I fatti risalgono alla mattina del 3 marzo 2026, quando una Fiat 500 con tre persone a bordo, tra cui Anastasio e Trapani, avrebbe tamponato una Ford Focus con a bordo due cittadini marocchini in via Masselli. Dopo un primo confronto verbale, la situazione sembrava essersi conclusa, ma poco dopo le due vetture si sarebbero ritrovate in piazza del Papa.

Qui, secondo la ricostruzione investigativa, Anastasio sarebbe sceso dall’auto, avrebbe estratto una pistola calibro 6.35 e avrebbe esploso quattro colpi a scopo intimidatorio, senza ferire nessuno, per poi allontanarsi insieme a Trapani.

I carabinieri intervenuti sul posto hanno recuperato bossoli e un proiettile inesploso, avviando gli accertamenti che hanno portato all’identificazione dei due giovani.

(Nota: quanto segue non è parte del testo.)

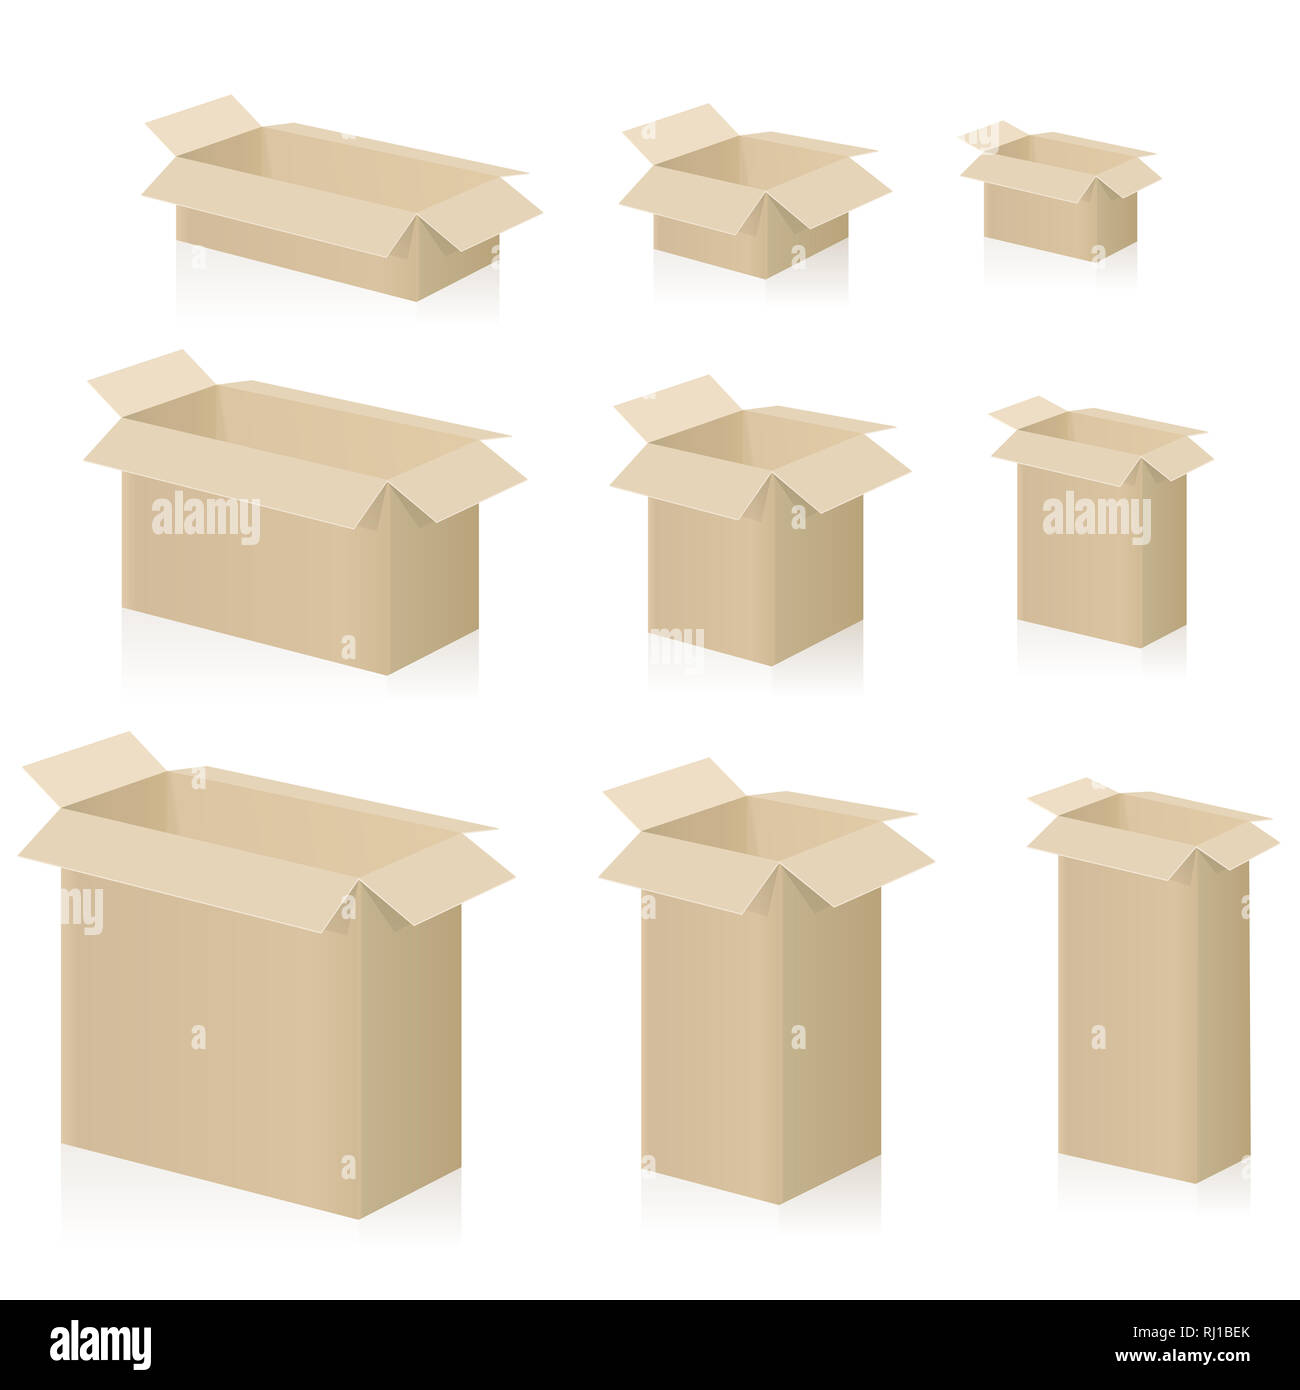 Kartons, unterschiedliche Größen, Kisten mit offenen Deckel - Abbildung auf weißem Hintergrund. Stockfoto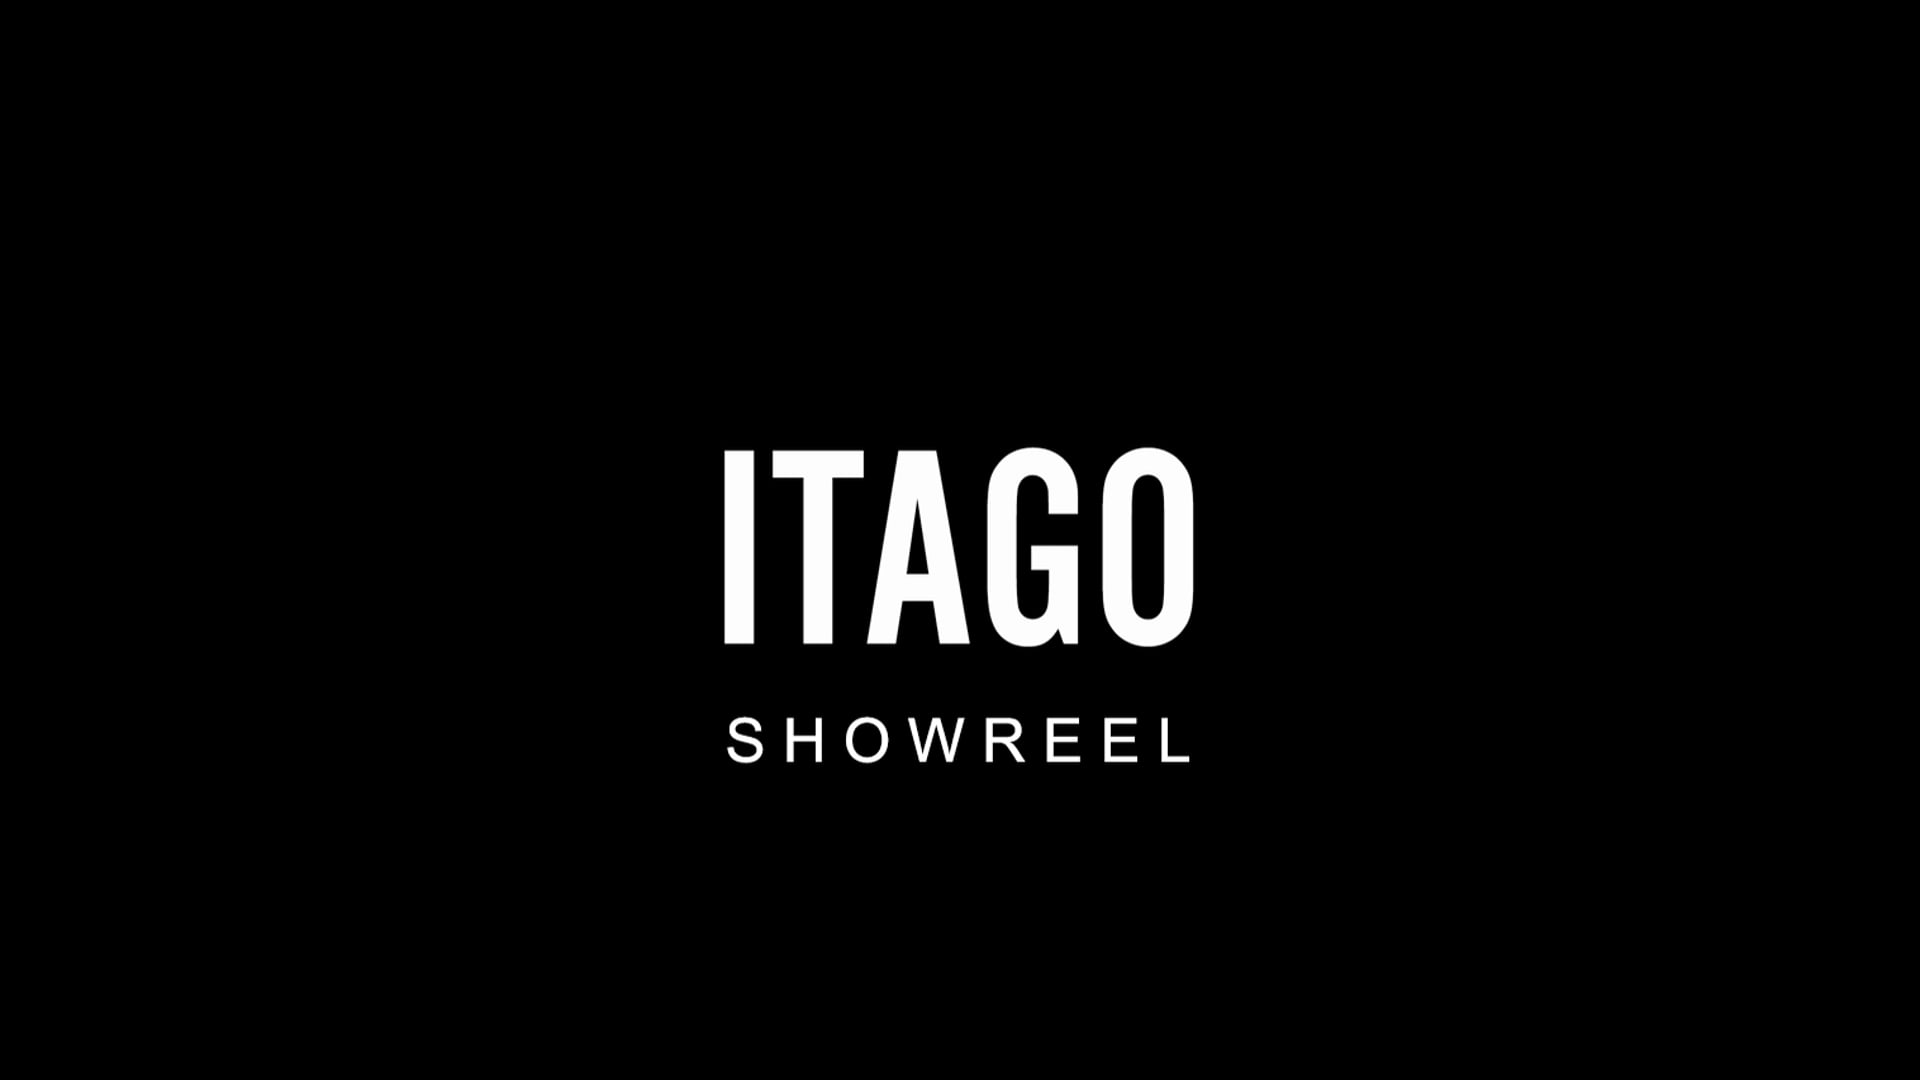 Itago Showreel

Anastasio, dopo l’arresto, aveva ammesso le proprie responsabilità per il porto illegale dell’arma e aveva sostenuto di aver sparato solo per intimidire la controparte. Durante l’interrogatorio davanti al gip aveva dichiarato: “Ho sparato per difendermi non certo per uccidere o ferire; visto quanto era vicino, avrei potuto tranquillamente farlo”.

Il 28enne ha successivamente scelto il rito del patteggiamento, ottenendo una condanna a 3 anni, convertita nella misura sostitutiva dei lavori di pubblica utilità. La proposta concordata tra il suo legale, l’avvocato Luigi Marinelli, e la Procura è stata accolta dal gup Cecilia Massarelli, che ha disposto la sua scarcerazione.

A distanza di quattro mesi dall’episodio, gli investigatori hanno quindi ricostruito anche il ruolo attribuito a Trapani, accusato di aver partecipato alla vicenda e di aver concorso nella disponibilità e nel trasporto dell’arma utilizzata durante l’intimidazione.

Lo riporta lagazzettadelmezzogiorno.it.